The 2013 Southland Conference baseball tournament was held from May 22 through 25. The top eight regular season finishers of the league's ten teams will meet in the double-elimination tournament, which was held at Constellation Field in Sugar Land, Texas. The event returned to a neutral site after two seasons on campus. In the championship game, seventh-seeded Central Arkansas defeated fourth-seeded Southeastern Louisiana, 4-0, to win its first tournament championship. As a result, Central Arkansas earned the conference's automatic bid to the 2013 NCAA Division I baseball tournament.

==Seeding and format==
The top eight finishers from the regular season were seeded one through eight. They played a two bracket, double-elimination tournament, with the winner of each bracket meeting in a single championship final.

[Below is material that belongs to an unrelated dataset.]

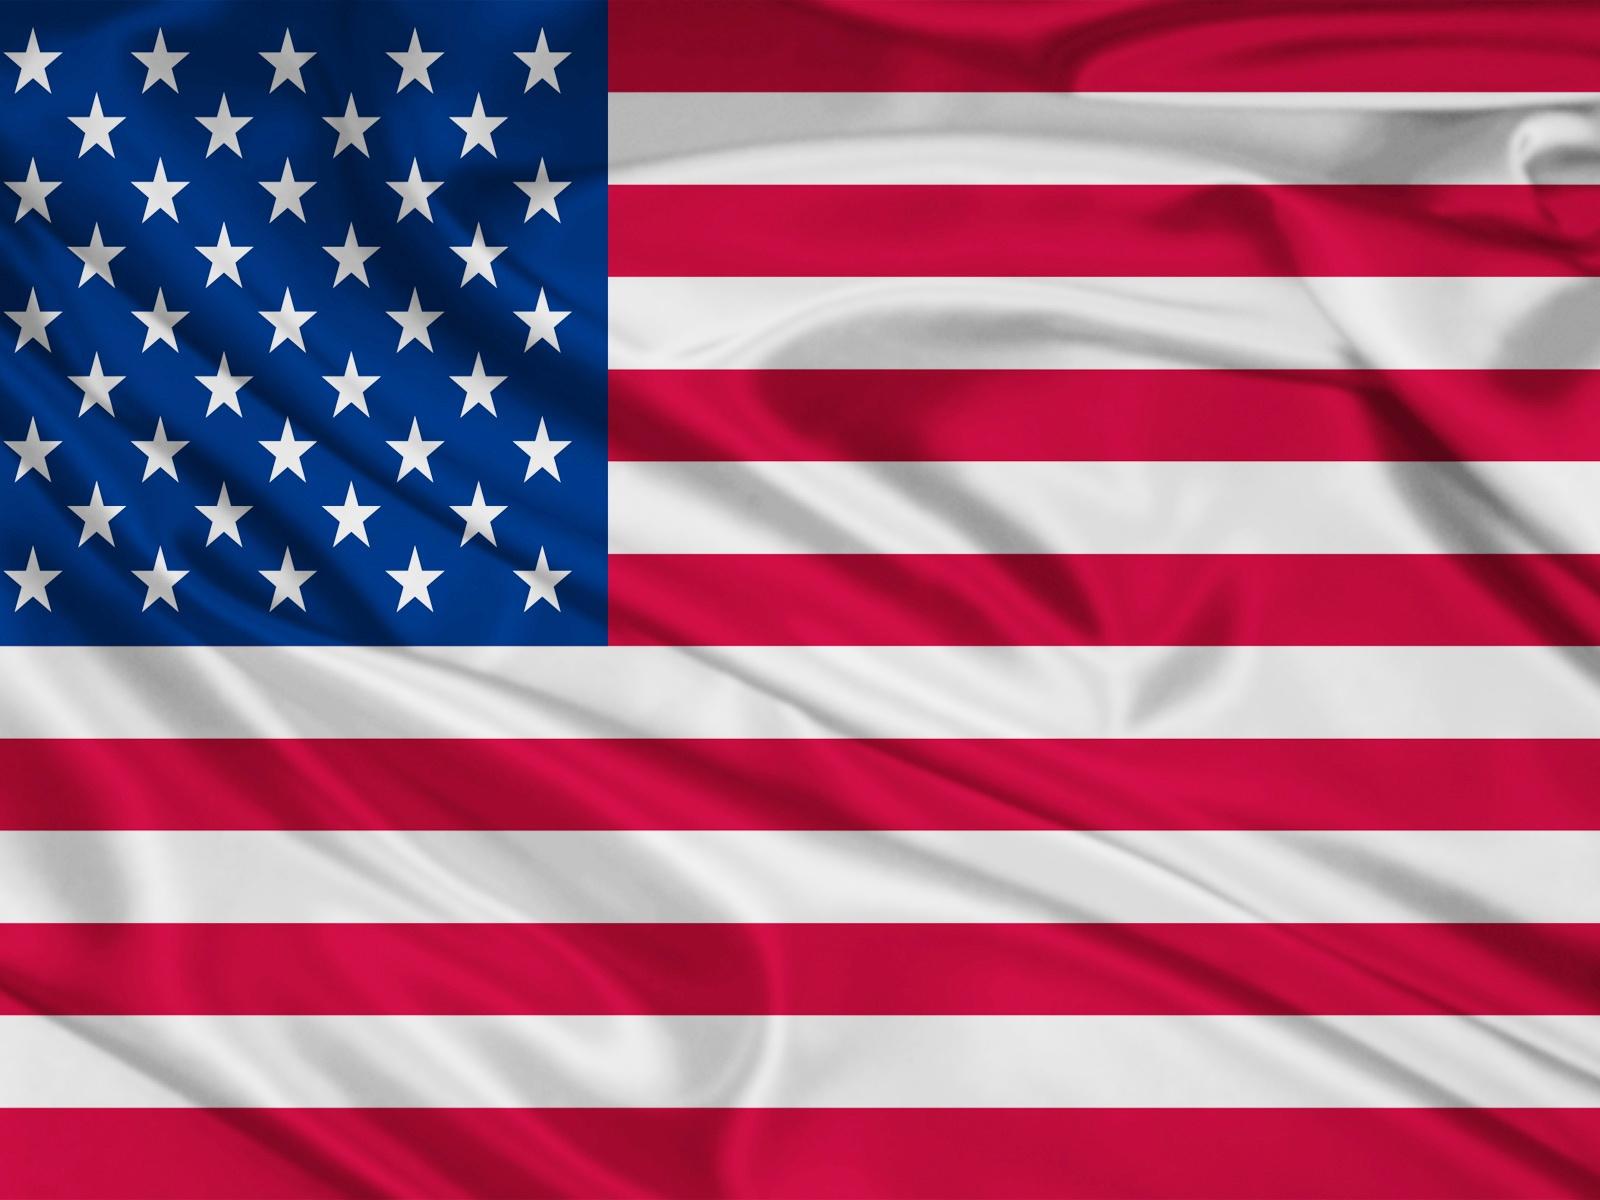 1600x1200 United States Flag desktop PC and Mac wallpaper 1600x1200

| Team | W | L | Pct. | GB | Seed |
|---|---|---|---|---|---|
| Sam Houston State | 20 | 7 | .741 | – | 1 |
| Texas A&M–Corpus Christi | 17 | 10 | .630 | 3 | 2 |
| Oral Roberts | 16 | 11 | .593 | 4 | 3 |
| Southeastern Louisiana | 16 | 11 | .593 | 4 | 4 |
| Lamar | 15 | 12 | .556 | 5 | 5 |
| Stephen F. Austin | 15 | 12 | .556 | 5 | 6 |
| Central Arkansas | 12 | 15 | .444 | 8 | 7 |
| McNeese State | 10 | 17 | .370 | 10 | 8 |
| Nicholls State | 9 | 18 | .333 | 11 | – |
| Northwestern State | 5 | 22 | .185 | 15 | – |

==All-Tournament Team==
The following players were named to the All-Tournament Team.

| Pos. | Name | School |
|---|---|---|
| C | Michael Marietta | Central Arkansas |
| 1B | Jameson Fisher | Southeastern Louisiana |
| 2B | V.J. Bunner | Lamar |
| SS | Sam Bumpers | Lamar |
| 3B | Garrett Brown | Central Arkansas |
| OF | Forrestt Allday | Central Arkansas |
| OF | Logan Domenico | Oral Roberts |
| OF | Ladd Rhodes | Southeastern Louisiana |
| DH | Seth Dornak | Lamar |
| P | Jonathan Dziedzic | Lamar |
| P | Connor Gilmore | Central Arkansas |

===Most Valuable Player===
Central Arkansas outfielder Forrestt Allday was named the tournament's Most Valuable Player.